[Data records]
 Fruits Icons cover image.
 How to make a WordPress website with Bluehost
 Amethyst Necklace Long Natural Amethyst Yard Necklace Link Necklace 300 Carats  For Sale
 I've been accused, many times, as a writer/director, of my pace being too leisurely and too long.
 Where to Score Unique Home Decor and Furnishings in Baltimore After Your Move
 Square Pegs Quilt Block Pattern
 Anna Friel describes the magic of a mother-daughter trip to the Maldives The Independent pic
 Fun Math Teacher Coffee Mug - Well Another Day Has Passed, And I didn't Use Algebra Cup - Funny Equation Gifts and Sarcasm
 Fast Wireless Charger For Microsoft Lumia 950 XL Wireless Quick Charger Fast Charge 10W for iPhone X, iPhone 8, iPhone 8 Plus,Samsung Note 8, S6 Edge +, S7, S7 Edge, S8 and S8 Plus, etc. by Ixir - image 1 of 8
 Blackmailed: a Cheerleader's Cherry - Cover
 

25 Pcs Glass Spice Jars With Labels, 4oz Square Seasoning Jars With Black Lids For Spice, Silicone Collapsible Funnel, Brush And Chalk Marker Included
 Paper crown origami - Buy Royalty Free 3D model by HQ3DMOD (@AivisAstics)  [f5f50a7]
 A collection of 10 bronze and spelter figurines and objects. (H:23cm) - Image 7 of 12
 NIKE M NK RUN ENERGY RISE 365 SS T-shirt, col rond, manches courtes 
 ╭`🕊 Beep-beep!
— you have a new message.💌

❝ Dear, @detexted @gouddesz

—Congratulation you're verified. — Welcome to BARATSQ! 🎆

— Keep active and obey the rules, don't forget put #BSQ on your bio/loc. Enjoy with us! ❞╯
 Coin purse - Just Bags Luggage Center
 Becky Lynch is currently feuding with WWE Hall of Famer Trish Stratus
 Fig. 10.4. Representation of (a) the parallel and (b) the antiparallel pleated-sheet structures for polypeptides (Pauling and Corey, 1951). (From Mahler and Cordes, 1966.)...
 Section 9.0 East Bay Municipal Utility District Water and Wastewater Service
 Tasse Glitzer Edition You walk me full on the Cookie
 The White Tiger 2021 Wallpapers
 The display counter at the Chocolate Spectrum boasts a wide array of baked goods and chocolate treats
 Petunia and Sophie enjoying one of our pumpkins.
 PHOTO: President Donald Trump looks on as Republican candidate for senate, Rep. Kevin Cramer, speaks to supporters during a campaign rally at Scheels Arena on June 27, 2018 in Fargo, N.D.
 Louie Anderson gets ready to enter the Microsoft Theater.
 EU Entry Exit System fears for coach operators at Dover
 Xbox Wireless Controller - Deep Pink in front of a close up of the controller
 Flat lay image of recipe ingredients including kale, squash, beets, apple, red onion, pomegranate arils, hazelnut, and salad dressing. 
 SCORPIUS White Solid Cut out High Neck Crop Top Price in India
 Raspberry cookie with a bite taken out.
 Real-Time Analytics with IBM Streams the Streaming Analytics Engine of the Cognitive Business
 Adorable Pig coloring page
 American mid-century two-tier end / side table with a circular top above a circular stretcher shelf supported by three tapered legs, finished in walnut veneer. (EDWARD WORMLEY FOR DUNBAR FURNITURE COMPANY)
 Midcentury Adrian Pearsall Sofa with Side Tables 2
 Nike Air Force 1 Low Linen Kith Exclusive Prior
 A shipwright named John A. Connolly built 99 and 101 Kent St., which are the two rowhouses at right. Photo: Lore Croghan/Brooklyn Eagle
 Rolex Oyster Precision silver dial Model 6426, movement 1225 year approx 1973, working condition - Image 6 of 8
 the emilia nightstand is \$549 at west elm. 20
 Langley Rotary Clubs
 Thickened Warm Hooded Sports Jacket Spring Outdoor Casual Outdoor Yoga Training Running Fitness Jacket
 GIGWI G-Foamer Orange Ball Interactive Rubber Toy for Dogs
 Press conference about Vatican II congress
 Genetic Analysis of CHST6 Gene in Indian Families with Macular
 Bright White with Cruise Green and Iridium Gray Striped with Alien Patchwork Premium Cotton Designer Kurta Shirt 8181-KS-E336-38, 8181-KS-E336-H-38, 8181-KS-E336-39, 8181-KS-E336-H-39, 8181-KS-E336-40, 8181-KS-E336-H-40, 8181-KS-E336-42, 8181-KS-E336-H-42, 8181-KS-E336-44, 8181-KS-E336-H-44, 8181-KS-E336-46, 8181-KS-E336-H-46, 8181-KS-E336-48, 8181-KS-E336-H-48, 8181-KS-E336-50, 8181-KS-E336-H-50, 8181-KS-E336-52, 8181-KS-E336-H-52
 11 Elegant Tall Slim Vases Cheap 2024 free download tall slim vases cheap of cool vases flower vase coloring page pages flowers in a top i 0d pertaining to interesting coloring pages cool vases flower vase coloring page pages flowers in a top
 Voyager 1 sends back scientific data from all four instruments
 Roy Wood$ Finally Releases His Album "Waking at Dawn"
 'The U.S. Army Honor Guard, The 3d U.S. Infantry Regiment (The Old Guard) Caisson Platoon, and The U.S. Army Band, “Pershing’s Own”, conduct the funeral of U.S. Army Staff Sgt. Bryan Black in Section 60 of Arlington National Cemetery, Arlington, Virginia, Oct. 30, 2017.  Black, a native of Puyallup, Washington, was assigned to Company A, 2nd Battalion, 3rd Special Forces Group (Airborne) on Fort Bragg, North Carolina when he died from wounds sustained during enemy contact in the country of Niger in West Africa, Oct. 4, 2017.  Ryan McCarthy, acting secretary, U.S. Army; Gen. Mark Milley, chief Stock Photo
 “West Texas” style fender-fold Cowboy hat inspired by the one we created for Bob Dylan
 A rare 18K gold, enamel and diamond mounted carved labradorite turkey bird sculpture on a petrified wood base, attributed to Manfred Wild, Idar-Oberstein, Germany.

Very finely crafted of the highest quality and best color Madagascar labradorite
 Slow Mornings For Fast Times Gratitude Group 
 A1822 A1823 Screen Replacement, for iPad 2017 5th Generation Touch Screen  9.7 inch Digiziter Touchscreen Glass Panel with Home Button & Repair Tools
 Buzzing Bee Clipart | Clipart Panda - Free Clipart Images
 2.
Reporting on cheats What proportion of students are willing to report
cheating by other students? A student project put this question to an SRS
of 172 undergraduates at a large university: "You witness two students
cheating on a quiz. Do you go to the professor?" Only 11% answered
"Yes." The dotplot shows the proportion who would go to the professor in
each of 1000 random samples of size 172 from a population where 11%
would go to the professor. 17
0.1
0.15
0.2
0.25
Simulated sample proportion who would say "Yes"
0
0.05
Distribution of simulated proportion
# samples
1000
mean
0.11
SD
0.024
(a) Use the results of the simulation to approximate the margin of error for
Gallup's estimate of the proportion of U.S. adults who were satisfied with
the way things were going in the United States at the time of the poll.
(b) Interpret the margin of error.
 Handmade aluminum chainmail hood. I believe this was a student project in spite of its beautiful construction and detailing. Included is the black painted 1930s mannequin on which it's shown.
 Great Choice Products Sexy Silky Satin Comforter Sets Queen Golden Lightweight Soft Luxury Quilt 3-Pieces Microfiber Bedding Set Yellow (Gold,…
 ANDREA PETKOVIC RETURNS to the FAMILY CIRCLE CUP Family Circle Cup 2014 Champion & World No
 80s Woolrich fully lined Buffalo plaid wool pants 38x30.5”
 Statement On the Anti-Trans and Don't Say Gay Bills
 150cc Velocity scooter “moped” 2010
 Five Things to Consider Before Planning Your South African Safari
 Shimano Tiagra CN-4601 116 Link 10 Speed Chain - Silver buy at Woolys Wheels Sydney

[Exercise]
Write out the data once more, word for word.

[Written solution]
 Fruits Icons cover image.
 How to make a WordPress website with Bluehost
 Amethyst Necklace Long Natural Amethyst Yard Necklace Link Necklace 300 Carats  For Sale
 I've been accused, many times, as a writer/director, of my pace being too leisurely and too long.
 Where to Score Unique Home Decor and Furnishings in Baltimore After Your Move
 Square Pegs Quilt Block Pattern
 Anna Friel describes the magic of a mother-daughter trip to the Maldives The Independent pic
 Fun Math Teacher Coffee Mug - Well Another Day Has Passed, And I didn't Use Algebra Cup - Funny Equation Gifts and Sarcasm
 Fast Wireless Charger For Microsoft Lumia 950 XL Wireless Quick Charger Fast Charge 10W for iPhone X, iPhone 8, iPhone 8 Plus,Samsung Note 8, S6 Edge +, S7, S7 Edge, S8 and S8 Plus, etc. by Ixir - image 1 of 8
 Blackmailed: a Cheerleader's Cherry - Cover
 

25 Pcs Glass Spice Jars With Labels, 4oz Square Seasoning Jars With Black Lids For Spice, Silicone Collapsible Funnel, Brush And Chalk Marker Included
 Paper crown origami - Buy Royalty Free 3D model by HQ3DMOD (@AivisAstics)  [f5f50a7]
 A collection of 10 bronze and spelter figurines and objects. (H:23cm) - Image 7 of 12
 NIKE M NK RUN ENERGY RISE 365 SS T-shirt, col rond, manches courtes 
 ╭`🕊 Beep-beep!
— you have a new message.💌

❝ Dear, @detexted @gouddesz

—Congratulation you're verified. — Welcome to BARATSQ! 🎆

— Keep active and obey the rules, don't forget put #BSQ on your bio/loc. Enjoy with us! ❞╯
 Coin purse - Just Bags Luggage Center
 Becky Lynch is currently feuding with WWE Hall of Famer Trish Stratus
 Fig. 10.4. Representation of (a) the parallel and (b) the antiparallel pleated-sheet structures for polypeptides (Pauling and Corey, 1951). (From Mahler and Cordes, 1966.)...
 Section 9.0 East Bay Municipal Utility District Water and Wastewater Service
 Tasse Glitzer Edition You walk me full on the Cookie
 The White Tiger 2021 Wallpapers
 The display counter at the Chocolate Spectrum boasts a wide array of baked goods and chocolate treats
 Petunia and Sophie enjoying one of our pumpkins.
 PHOTO: President Donald Trump looks on as Republican candidate for senate, Rep. Kevin Cramer, speaks to supporters during a campaign rally at Scheels Arena on June 27, 2018 in Fargo, N.D.
 Louie Anderson gets ready to enter the Microsoft Theater.
 EU Entry Exit System fears for coach operators at Dover
 Xbox Wireless Controller - Deep Pink in front of a close up of the controller
 Flat lay image of recipe ingredients including kale, squash, beets, apple, red onion, pomegranate arils, hazelnut, and salad dressing. 
 SCORPIUS White Solid Cut out High Neck Crop Top Price in India
 Raspberry cookie with a bite taken out.
 Real-Time Analytics with IBM Streams the Streaming Analytics Engine of the Cognitive Business
 Adorable Pig coloring page
 American mid-century two-tier end / side table with a circular top above a circular stretcher shelf supported by three tapered legs, finished in walnut veneer. (EDWARD WORMLEY FOR DUNBAR FURNITURE COMPANY)
 Midcentury Adrian Pearsall Sofa with Side Tables 2
 Nike Air Force 1 Low Linen Kith Exclusive Prior
 A shipwright named John A. Connolly built 99 and 101 Kent St., which are the two rowhouses at right. Photo: Lore Croghan/Brooklyn Eagle
 Rolex Oyster Precision silver dial Model 6426, movement 1225 year approx 1973, working condition - Image 6 of 8
 the emilia nightstand is \$549 at west elm. 20
 Langley Rotary Clubs
 Thickened Warm Hooded Sports Jacket Spring Outdoor Casual Outdoor Yoga Training Running Fitness Jacket
 GIGWI G-Foamer Orange Ball Interactive Rubber Toy for Dogs
 Press conference about Vatican II congress
 Genetic Analysis of CHST6 Gene in Indian Families with Macular
 Bright White with Cruise Green and Iridium Gray Striped with Alien Patchwork Premium Cotton Designer Kurta Shirt 8181-KS-E336-38, 8181-KS-E336-H-38, 8181-KS-E336-39, 8181-KS-E336-H-39, 8181-KS-E336-40, 8181-KS-E336-H-40, 8181-KS-E336-42, 8181-KS-E336-H-42, 8181-KS-E336-44, 8181-KS-E336-H-44, 8181-KS-E336-46, 8181-KS-E336-H-46, 8181-KS-E336-48, 8181-KS-E336-H-48, 8181-KS-E336-50, 8181-KS-E336-H-50, 8181-KS-E336-52, 8181-KS-E336-H-52
 11 Elegant Tall Slim Vases Cheap 2024 free download tall slim vases cheap of cool vases flower vase coloring page pages flowers in a top i 0d pertaining to interesting coloring pages cool vases flower vase coloring page pages flowers in a top
 Voyager 1 sends back scientific data from all four instruments
 Roy Wood$ Finally Releases His Album "Waking at Dawn"
 'The U.S. Army Honor Guard, The 3d U.S. Infantry Regiment (The Old Guard) Caisson Platoon, and The U.S. Army Band, “Pershing’s Own”, conduct the funeral of U.S. Army Staff Sgt. Bryan Black in Section 60 of Arlington National Cemetery, Arlington, Virginia, Oct. 30, 2017.  Black, a native of Puyallup, Washington, was assigned to Company A, 2nd Battalion, 3rd Special Forces Group (Airborne) on Fort Bragg, North Carolina when he died from wounds sustained during enemy contact in the country of Niger in West Africa, Oct. 4, 2017.  Ryan McCarthy, acting secretary, U.S. Army; Gen. Mark Milley, chief Stock Photo
 “West Texas” style fender-fold Cowboy hat inspired by the one we created for Bob Dylan
 A rare 18K gold, enamel and diamond mounted carved labradorite turkey bird sculpture on a petrified wood base, attributed to Manfred Wild, Idar-Oberstein, Germany.

Very finely crafted of the highest quality and best color Madagascar labradorite
 Slow Mornings For Fast Times Gratitude Group 
 A1822 A1823 Screen Replacement, for iPad 2017 5th Generation Touch Screen  9.7 inch Digiziter Touchscreen Glass Panel with Home Button & Repair Tools
 Buzzing Bee Clipart | Clipart Panda - Free Clipart Images
 2.
Reporting on cheats What proportion of students are willing to report
cheating by other students? A student project put this question to an SRS
of 172 undergraduates at a large university: "You witness two students
cheating on a quiz. Do you go to the professor?" Only 11% answered
"Yes." The dotplot shows the proportion who would go to the professor in
each of 1000 random samples of size 172 from a population where 11%
would go to the professor. 17
0.1
0.15
0.2
0.25
Simulated sample proportion who would say "Yes"
0
0.05
Distribution of simulated proportion
# samples
1000
mean
0.11
SD
0.024
(a) Use the results of the simulation to approximate the margin of error for
Gallup's estimate of the proportion of U.S. adults who were satisfied with
the way things were going in the United States at the time of the poll.
(b) Interpret the margin of error.
 Handmade aluminum chainmail hood. I believe this was a student project in spite of its beautiful construction and detailing. Included is the black painted 1930s mannequin on which it's shown.
 Great Choice Products Sexy Silky Satin Comforter Sets Queen Golden Lightweight Soft Luxury Quilt 3-Pieces Microfiber Bedding Set Yellow (Gold,…
 ANDREA PETKOVIC RETURNS to the FAMILY CIRCLE CUP Family Circle Cup 2014 Champion & World No
 80s Woolrich fully lined Buffalo plaid wool pants 38x30.5”
 Statement On the Anti-Trans and Don't Say Gay Bills
 150cc Velocity scooter “moped” 2010
 Five Things to Consider Before Planning Your South African Safari
 Shimano Tiagra CN-4601 116 Link 10 Speed Chain - Silver buy at Woolys Wheels Sydney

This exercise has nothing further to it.